We're working with him now to figure out what happened.




Out of curiosity, not hostility, why can a user not delete their own account? Why is there no obvious account option that says 'permanently delete account' which would remove a user from the site? All the content would still be there, the user would simply lose the ability to create more content and make edits?


Short answer: most users can do exactly that.

There's an automated process that confirms the request via email and starts a timer that, if not cancelled, removes the account. For accounts with a non-trivial number of posts we hold them for manual confirmation just to prevent unfortunate accidents (there's no undo - more on that next) but all it involves is an affirmative response from an email associated with the account.

The longer answer is... This is one of those very early design decisions that, in hindsight, was probably sub-optimal. Ideally, account deletion would amount to nothing more than flipping a bit on a database record, at least in the short term - if someone regretted their decision a day later, no harm done; just flip it back. But things are not ideal, and deleting an account actually purges rather a lot of information that can't easily be restored - so given that a non-trivial number of users do change their minds (especially those with a long history of activity that will be lost), it's worth everyone's time to make double-sure before hitting the big red button.

We've slowly been improving the process over the past few years, but it's still no where near ideal from anyone's perspective.
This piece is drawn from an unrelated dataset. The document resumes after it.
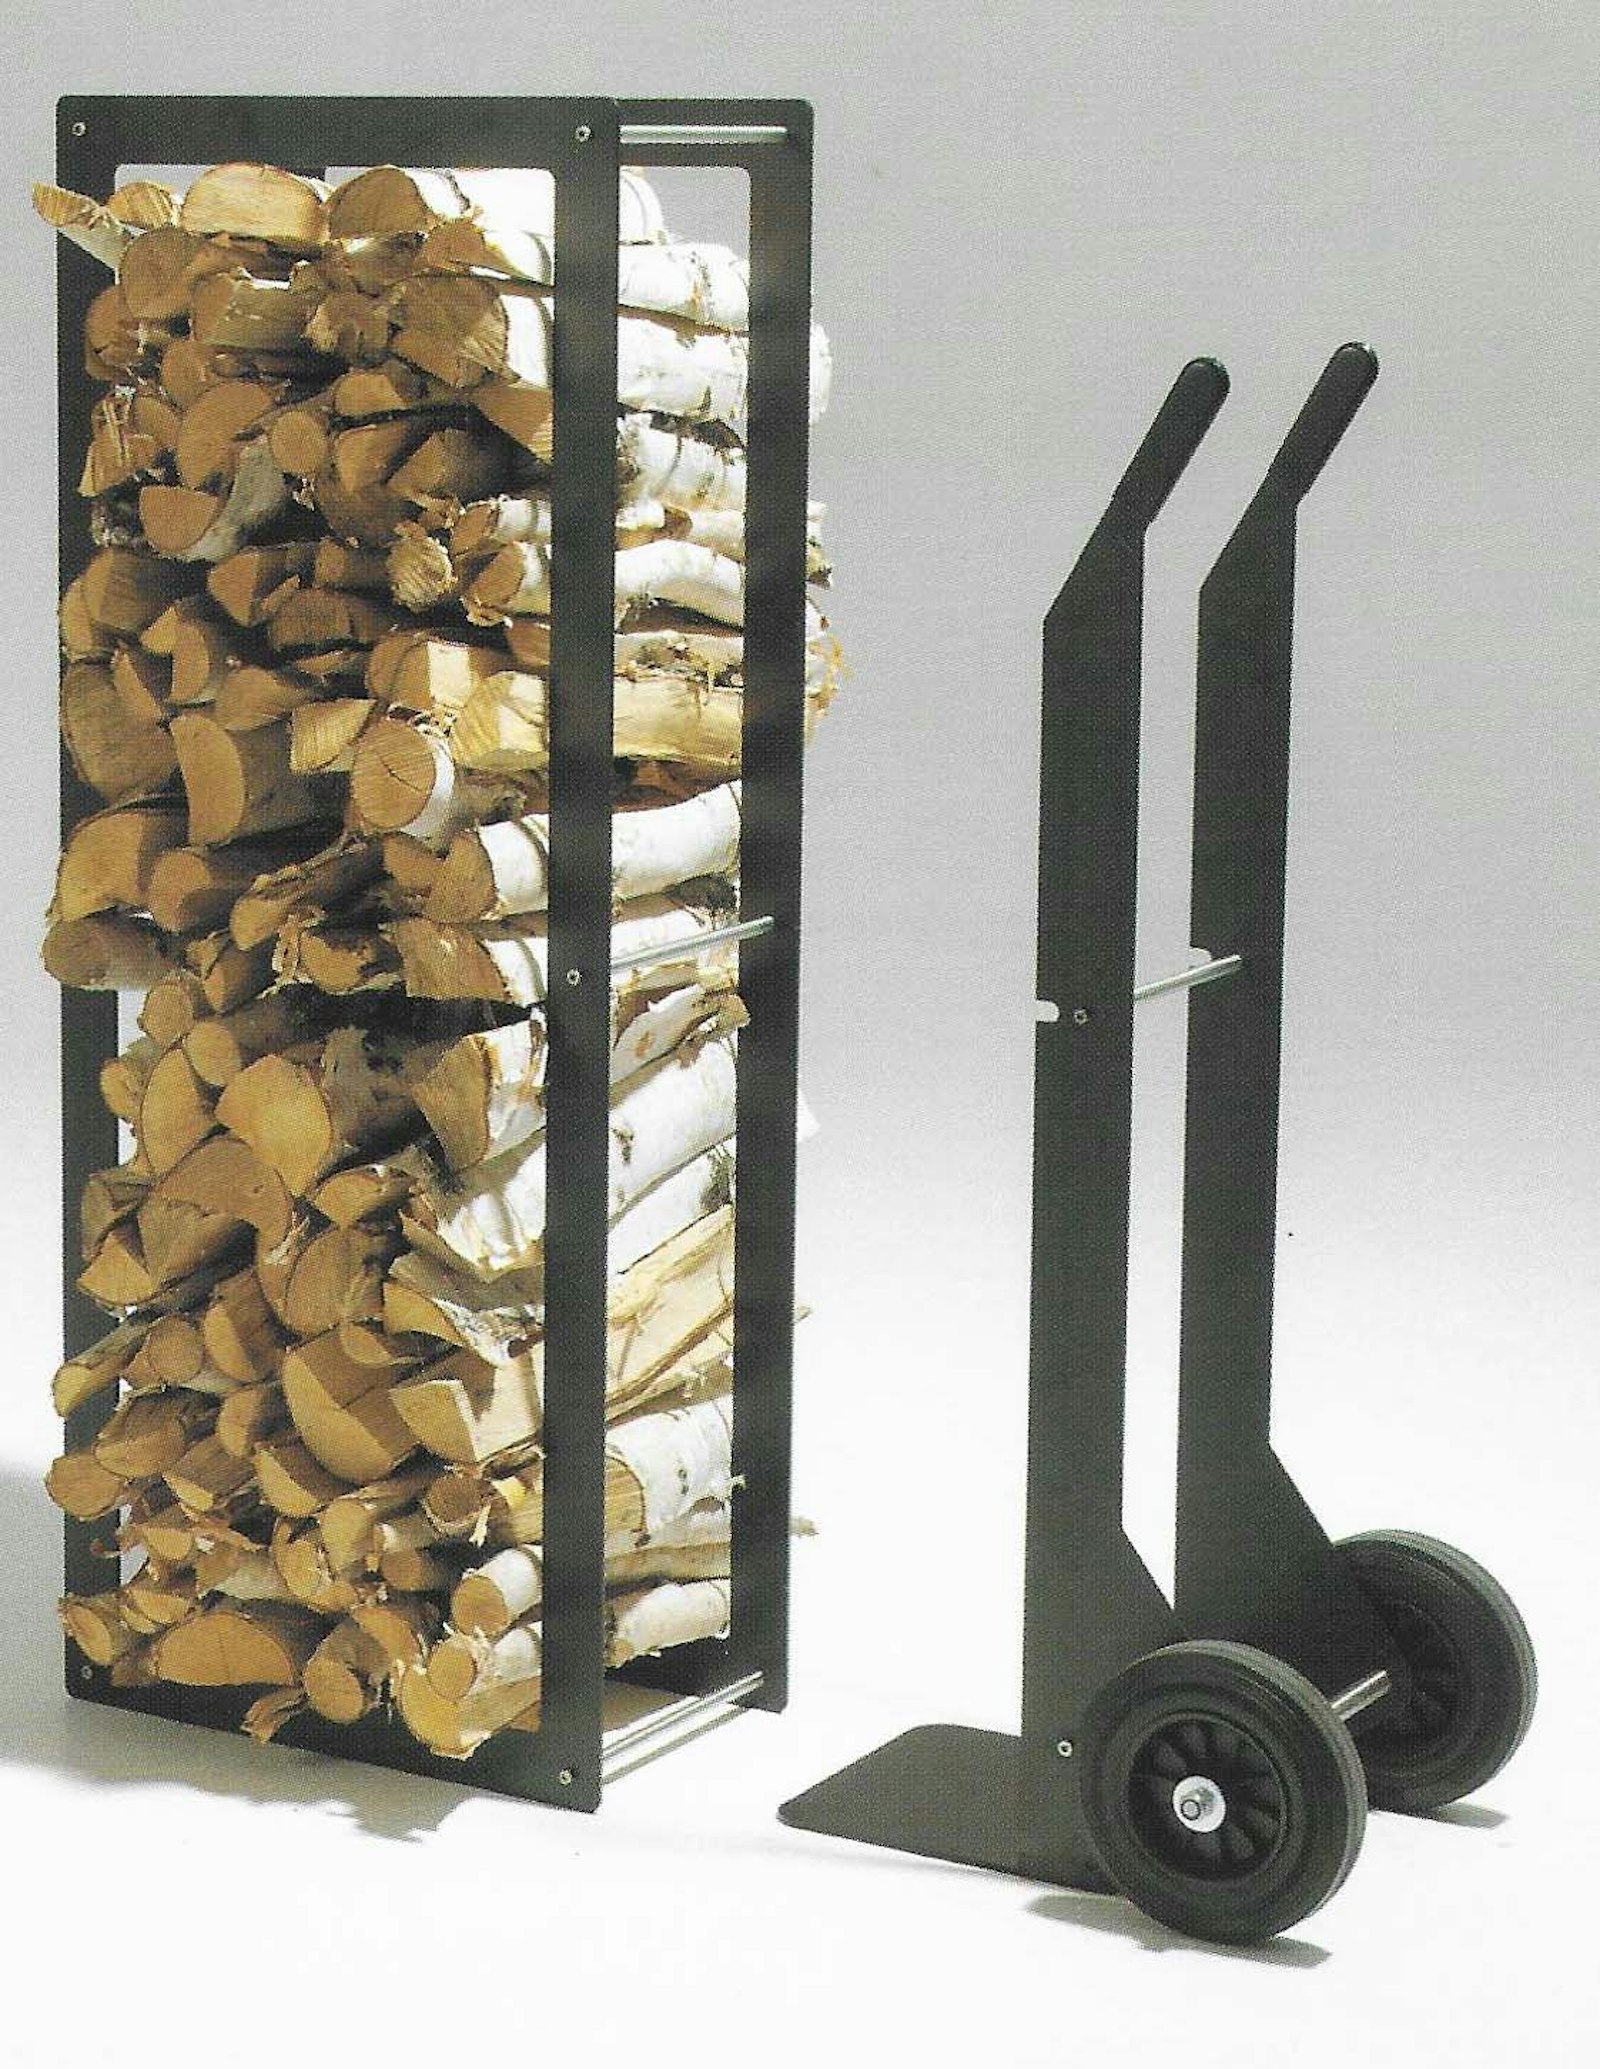 'Woodstock', log cart and rack, Dirk Wynants, for Extremis

I could go into more detail, but... Can sum it up with, "We're now only wasting ridiculous amounts of time on this instead of utterly insane amounts of time".


I love when action is taken after people write successful blog posts.


Protip: if you really want prompt action taken, just write what you need in the email and leave it at that. The folks doing support for stuff like this handle hundreds of emails a day, and every time we need to wait for a reply from someone before proceeding that's gonna slow everything down.

Blog posts are always fun, and certainly brighten up what is otherwise a dreadfully boring task, but... not really the best way to get action if that's all you're after.